Revenues, consisting of revenue from collaborative research, were $0.5 million for the three months ended December 31, 2017, compared to $0.5 million for the same period in 2016.
Research and development expenses were $12.0 million for the three months ended December 31, 2017, compared to $7.9 million for the same period in 2016. This increase was due to an overall increase in research and development activities for the Company’s gene therapy programs, primarily for material production costs for the ADVANCE clinical trial for ADVM-043.
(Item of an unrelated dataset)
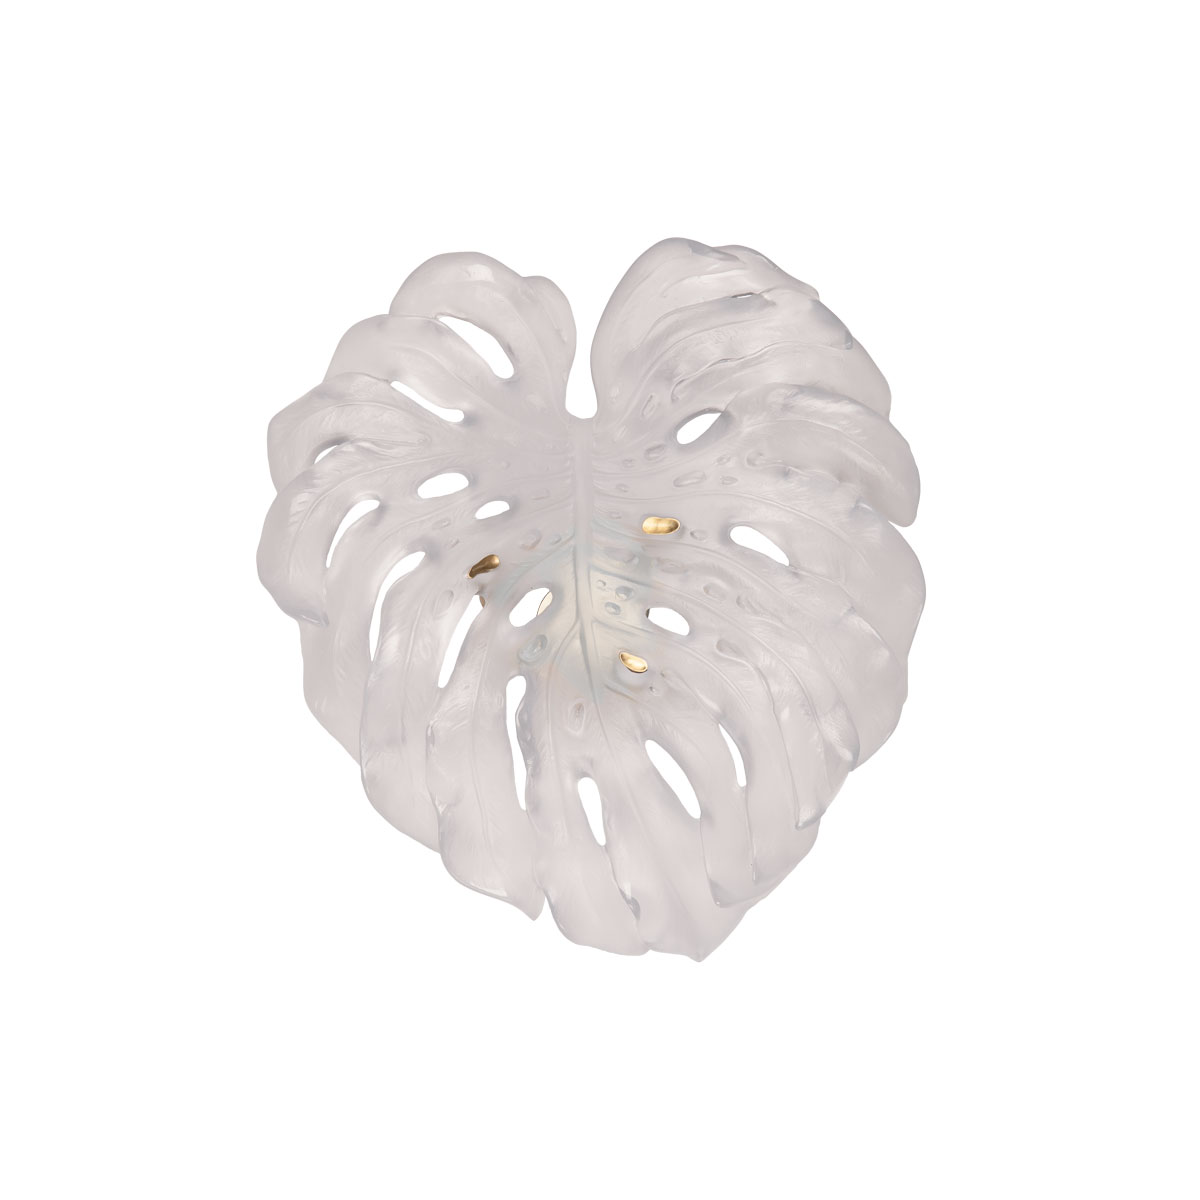 Daum Small Short-Fixture Monstera Wall Leaf in White by Emilio Robba, Sconce
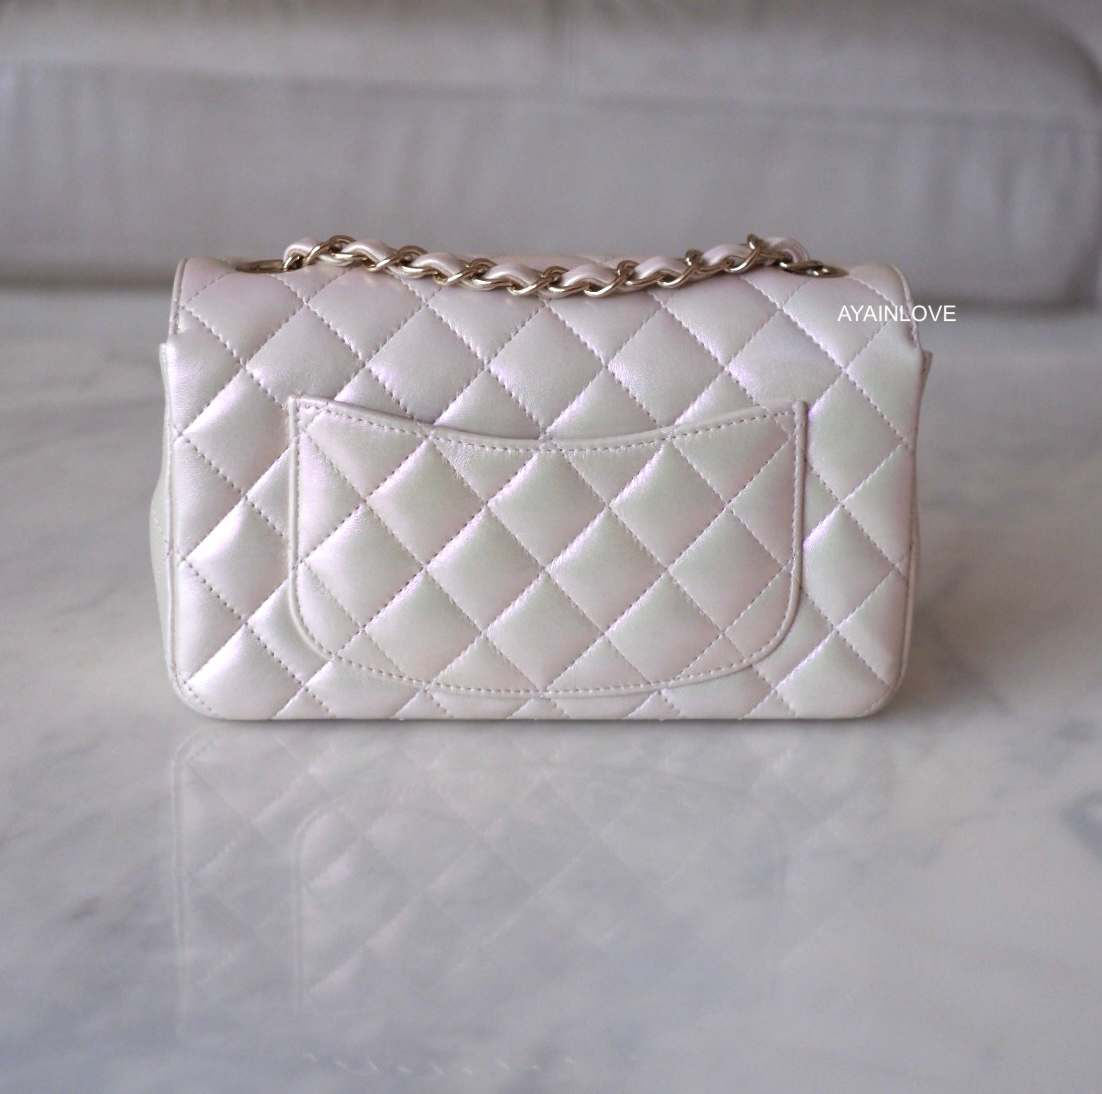 CHANEL 20B Iridescent Ivory Classic Flap Bag Lt Gold Hw *New - Timeless  Luxuries

General and administrative expenses were $4.0 million for the three months ended December 31, 2017, compared to $4.8 million for the same period in 2016. This decrease was primarily due to lower legal fees.
Net loss attributable to common stockholders was $14.8 million, or $0.32 per basic and diluted share, for the three months ended December 31, 2017, compared to $22.4 million, or $0.54 per basic and diluted share, for the same period in 2016.
Shares of common stock outstanding were 62.2 million as of February 28, 2018.